In one embodiment of the invention, the gamma-voltage generator
(e.g. the gamma-voltage generator 100, 300, 400, 500, 600 or 700)
further comprises a memory for storing a setting value and
generating the digital signal S.sub.C according to the setting
value. Referring to FIG. 24, FIG. 24 is a schematic diagram of a
gamma-voltage generator 800 according to an embodiment of the
invention. The gamma-voltage generator 800 could be the
gamma-voltage generator 100, 300, 400, 500 or 600, and has a memory
810. The memory 810 is a non-volatile memory, e.g. a one-time
programmable (OTP) memory, an electrically-erasable programmable
Read-Only Memory (EPPROM), flash memory, etc. The memory 810 is
used to storing a setting value and generating the digital signal
S.sub.C according to the setting value.
In light of the foregoing, a gamma-voltage generator is provided to
generating a plurality of first gamma voltages and second gamma
voltages. At least one of the first gamma voltages generated by
DACs of the gamma-voltage generator within a first frame period and
at least one of the second gamma voltages generated by the DACs
within a second frame period are outputted from a same one of the
gamma buffers of the gamma-voltage generator, whereby the
transmitted gamma voltages have substantially equal offset.

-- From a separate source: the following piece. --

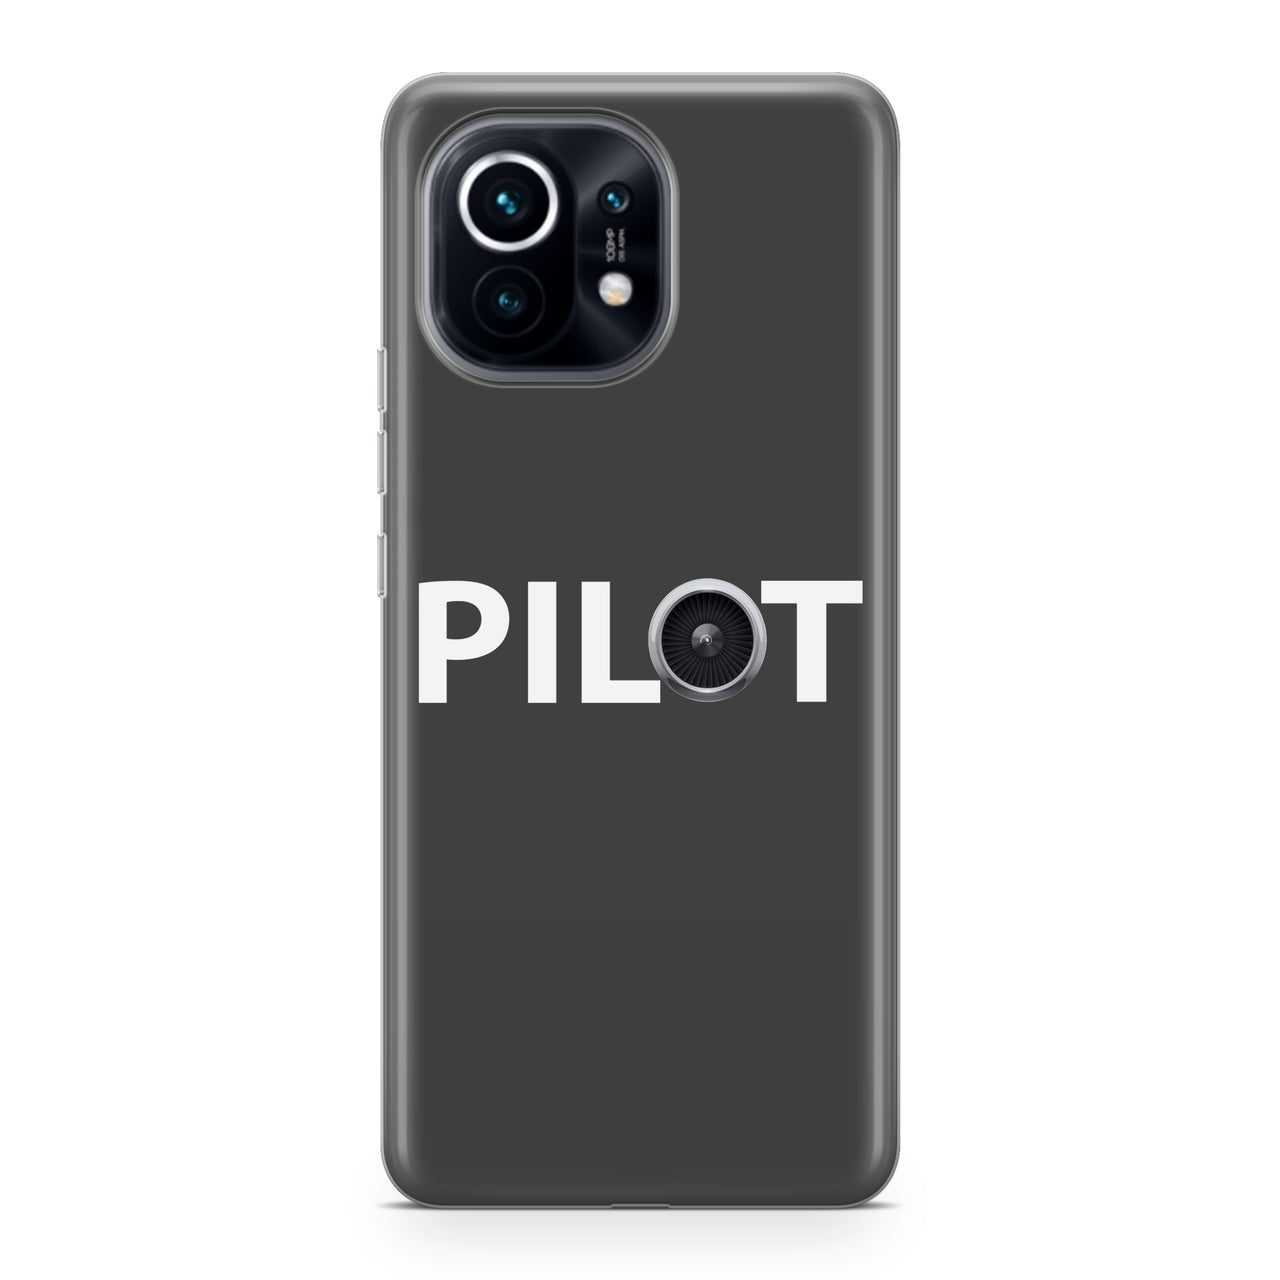 Pilot & Jet Engine Designed Xiaomi Cases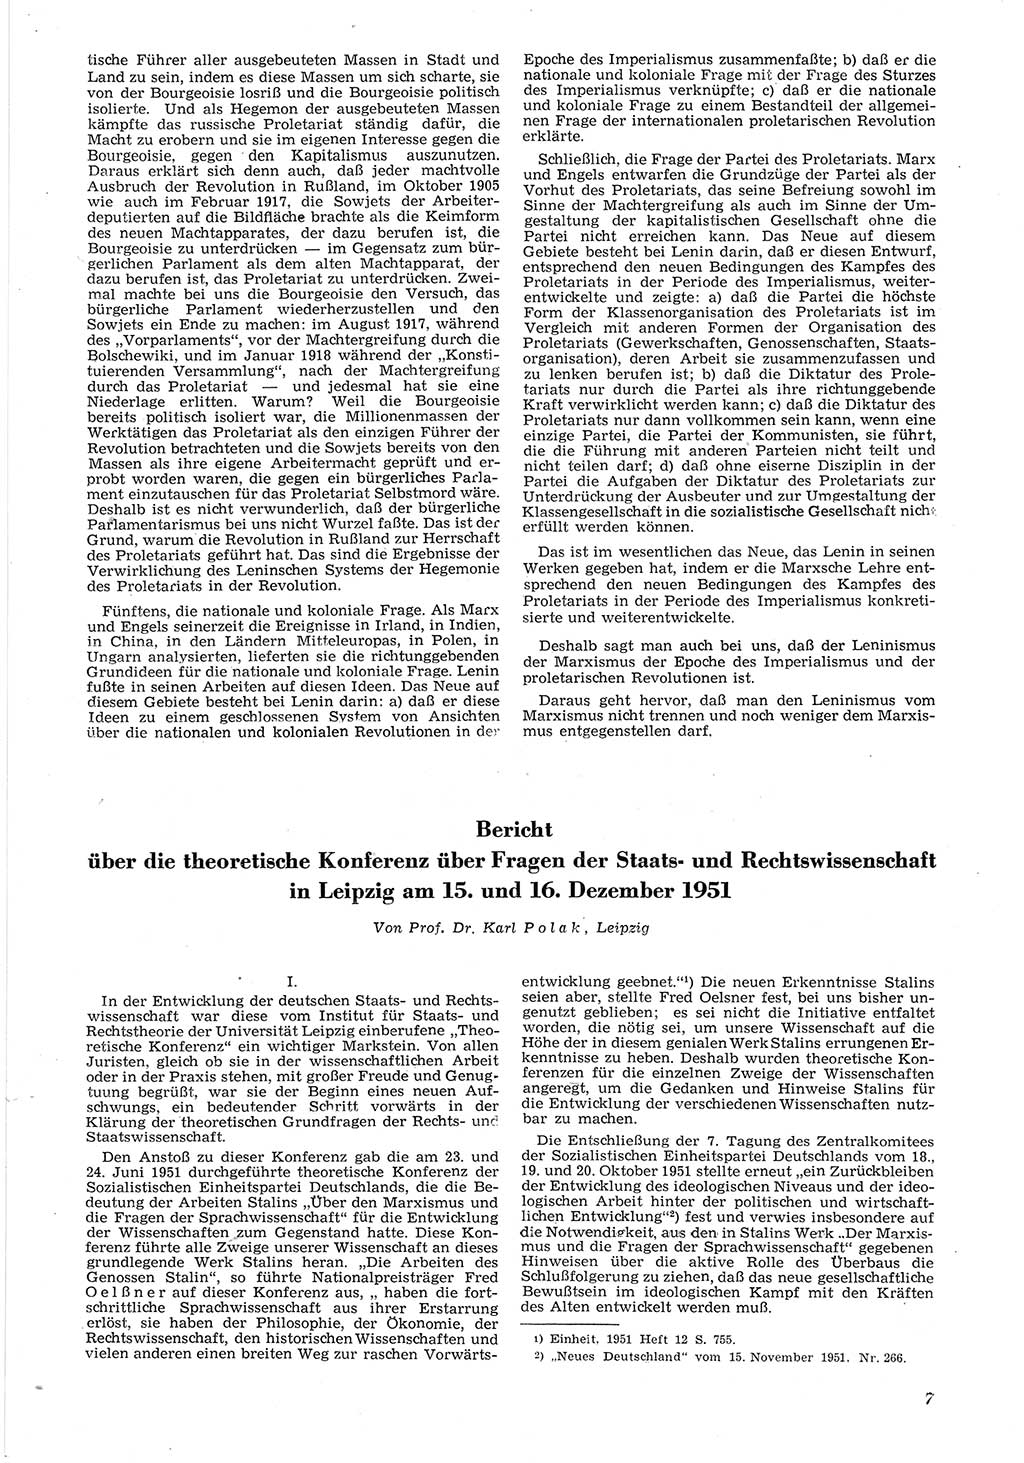 Neue Justiz (NJ), Zeitschrift für Recht und Rechtswissenschaft [Deutsche Demokratische Republik (DDR)], 6. Jahrgang 1952, Seite 7 (NJ DDR 1952, S. 7)

Therefore, the display quality approaches an ideal condition.
Although the invention has been described with reference to the
above embodiments, it will be apparent to one of the ordinary skill
in the art that modifications to the described embodiment may be
made without departing from the spirit of the invention.
Accordingly, the scope of the invention will be defined by the
attached claims not by the above detailed descriptions.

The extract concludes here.